Queiroga foi ministro da Saúde do governo Bolsonaro Marcelo Camargo/Agência Brasil

O STF (Supremo Tribunal Federal) retoma nesta segunda-feira (26) as audiências do processo que julga o ex-presidente Jair Bolsonaro e outros sete aliados por tentativa de golpe de Estado e uma série de crimes relacionados a um plano de golpe militar depois das eleições de 2022. Dez testemunhas de defesa do general Augusto Heleno serão ouvidas.

Entre os nomeados pelo ex-ministro do GSI (Gabinete de Segurança Institucional), estão o general Carlos Penteado — secretário-executivo do GSI durante a invasão das sedes dos Três Poderes no 8 de Janeiro — e Marcelo Queiroga, ex-ministro da Saúde. Ambos aturaram durante o governo de Bolsonaro.

Queiroga também será ouvido como testemunha do ex-ministro da Defesa Walter Braga Netto.
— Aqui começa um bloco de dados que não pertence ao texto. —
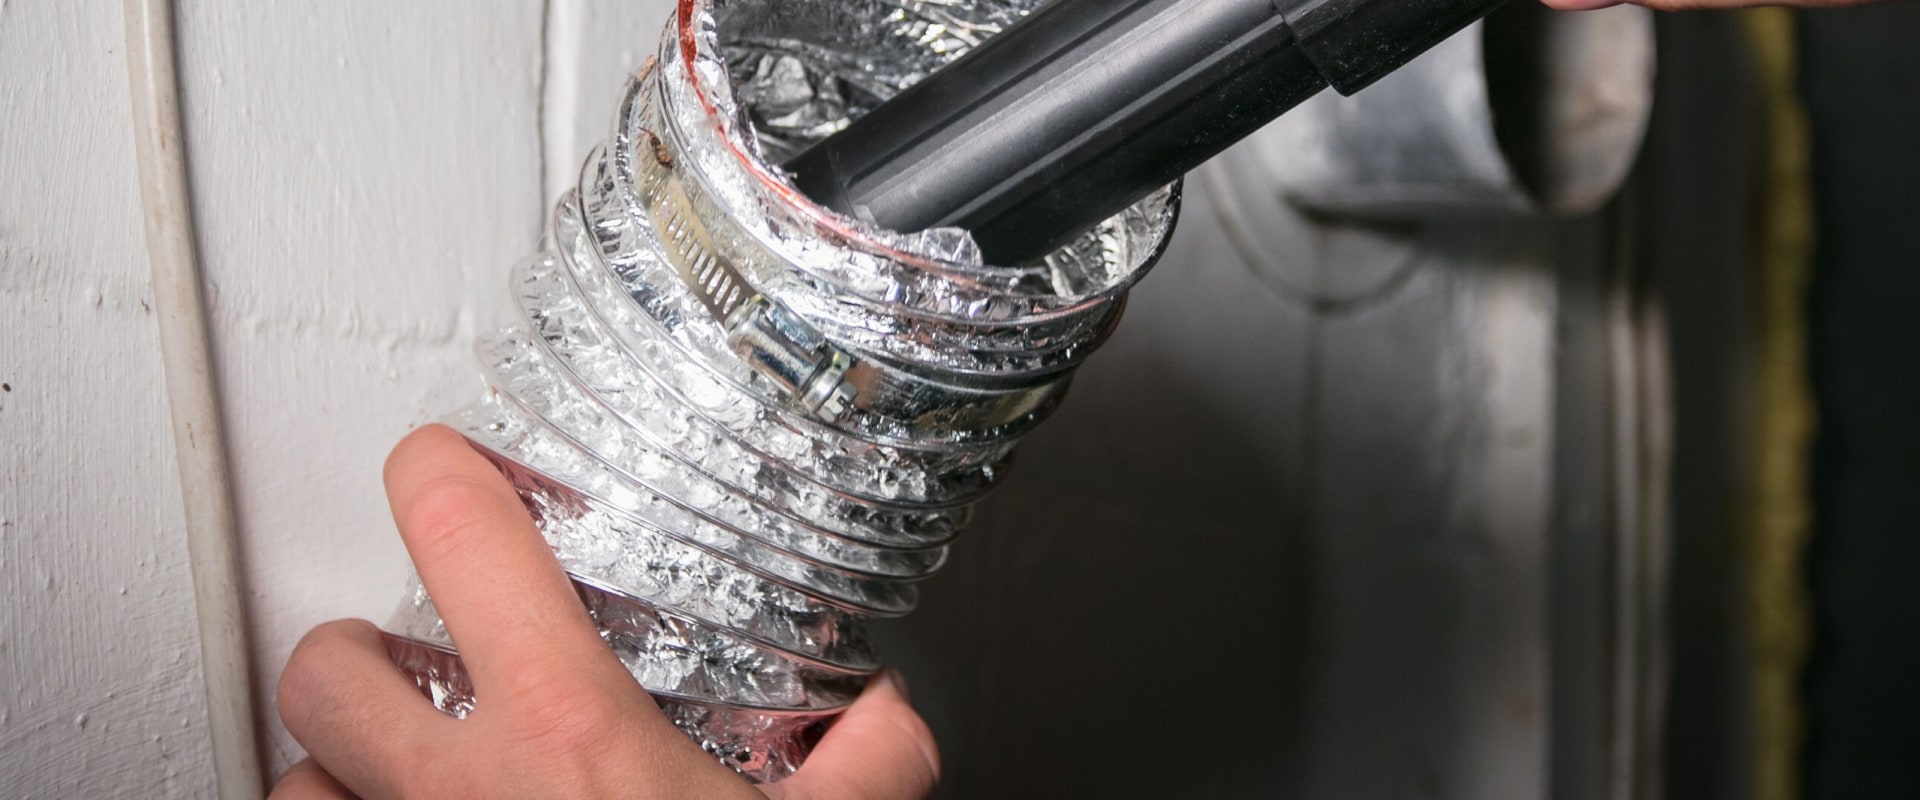 Cleaning Dryer Vents: An Overview

Ele foi o quarto ministro da Saúde de Bolsonaro, atuando a partir de março de 2021 até o fim do mandato do ex-presidente, em dezembro de 2022.

Testemunhas ouvidas nesta segunda:

  • Carlos José Russo Penteado;
  • Ricardo Ibsen Pennaforte de Campos;
  • Marcelo Antonio Cartaxo Queiroga;
  • Antonio Carlos de Oliveira Freitas;
  • Amilton Coutinho Ramos;
  • Ivan Gonçalves;
  • Valmor Falkemberg Boelhouwer;
  • Christian Perillier Schneider;
  • Osmar Lootens Machado;
  • Asdrubal Rocha Saraiva.

Os depoimentos começaram na última segunda (19), com falas de testemunhas de acusação indicadas pela PGR (Procuradoria-Geral da República). As testemunhas de defesa do ex-ajudante de ordens de Bolsonaro Mauro Cid foram ouvidas depois, seguidas das testemunhas do deputado federal Alexandre Ramagem, Braga Netto, Augusto Heleno e do ex-comandante da Marinha Almir Garnier.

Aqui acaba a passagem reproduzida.